Post-election confidence returns
Economists say the brief volatility seen before the polls was largely driven by investors holding onto Dollars amid political uncertainty. With the elections concluded, market confidence appears to be returning.
“At this pace, we could see the exchange rate reach 3,400 Shillings per Dollar by the end of the month,” says Alex Kakande, a financial and investment advisor. “This is good news for importers, but tough for exporters and Ugandans abroad sending money home.”
A stronger Shilling reduces the local currency value of Dollar-denominated earnings, affecting exporters and diaspora remittances, even as it lowers import costs and eases inflationary pressure.
Global factors at play
Beyond domestic fundamentals, the Shilling’s performance mirrors a broader global softening of the US Dollar, following recent interest rate cuts by the US Federal Reserve, aimed at stimulating borrowing and investment.

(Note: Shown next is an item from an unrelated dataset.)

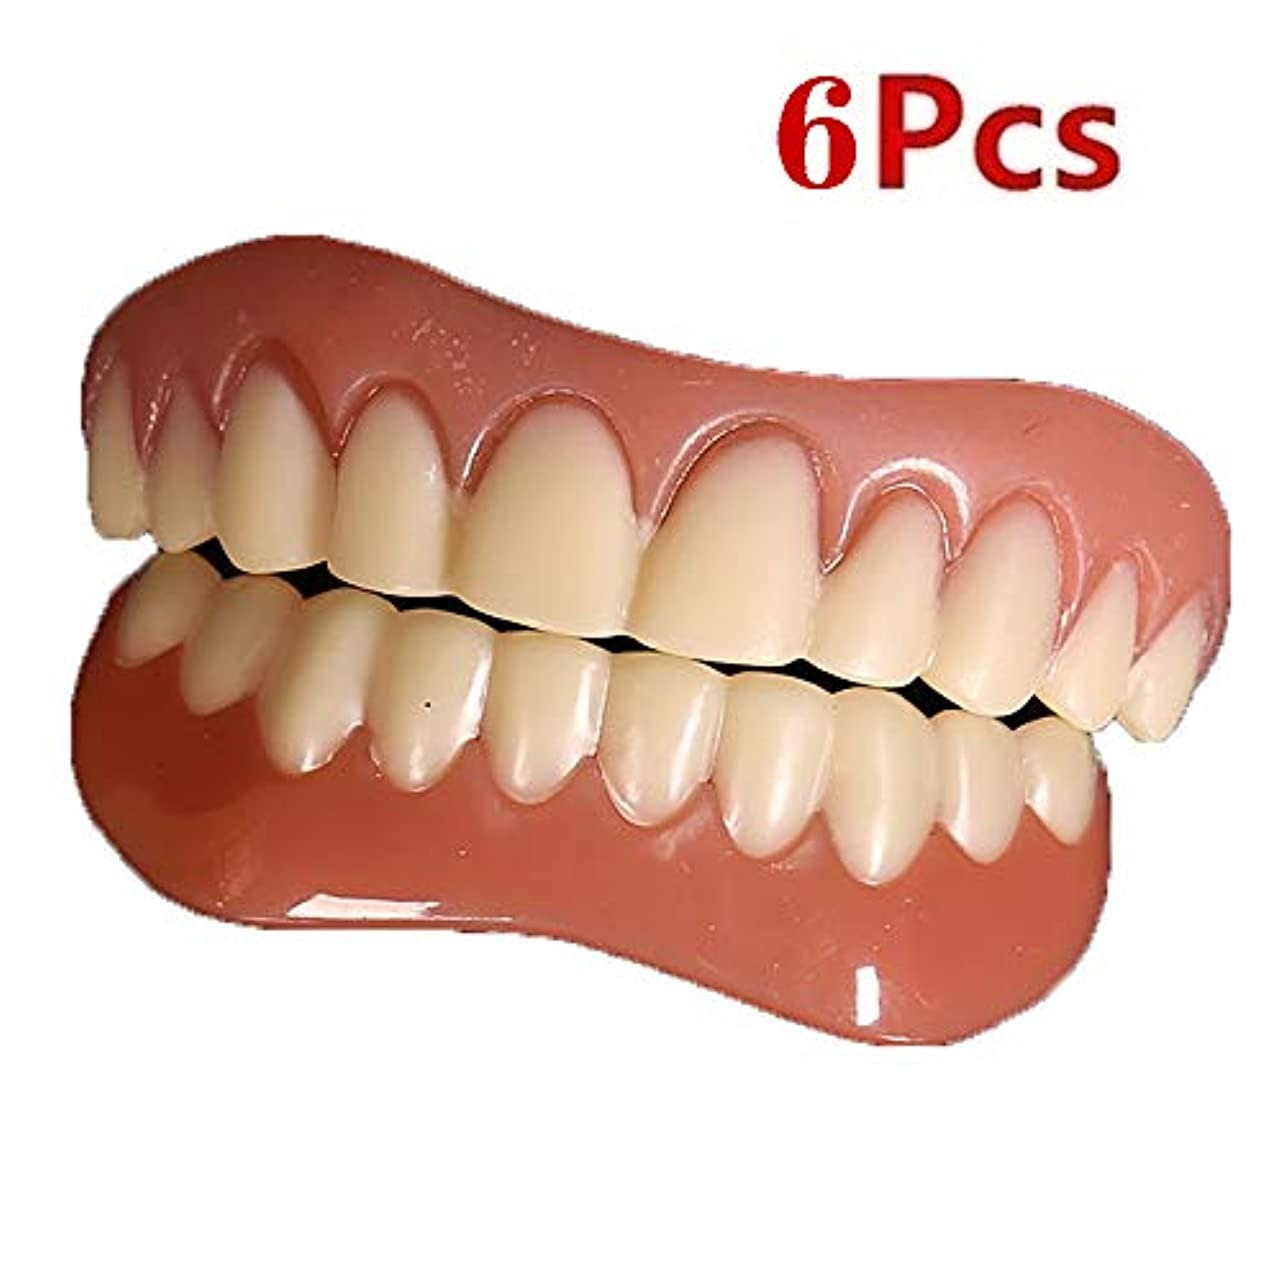 即時の微笑の歯の上部のより低いベニヤの慰めの適合の歯のベニヤ、歯科ベニヤの慰めの適合の歯の上の化粧品のベニヤワンサイズはすべての義歯の接着剤の歯に入れます

While the Dollar was initially expected to remain strong, resilience in other major economies has shifted currency dynamics.
The Uganda Shilling has strengthened against the Kenyan Shilling, appreciating from about KSh27.83 per UGX before election day to roughly KSh26.67 by Wednesday. This underscores the Shilling’s broader regional resilience and highlights its relative outperformance among East African currencies in the wake of Uganda’s elections.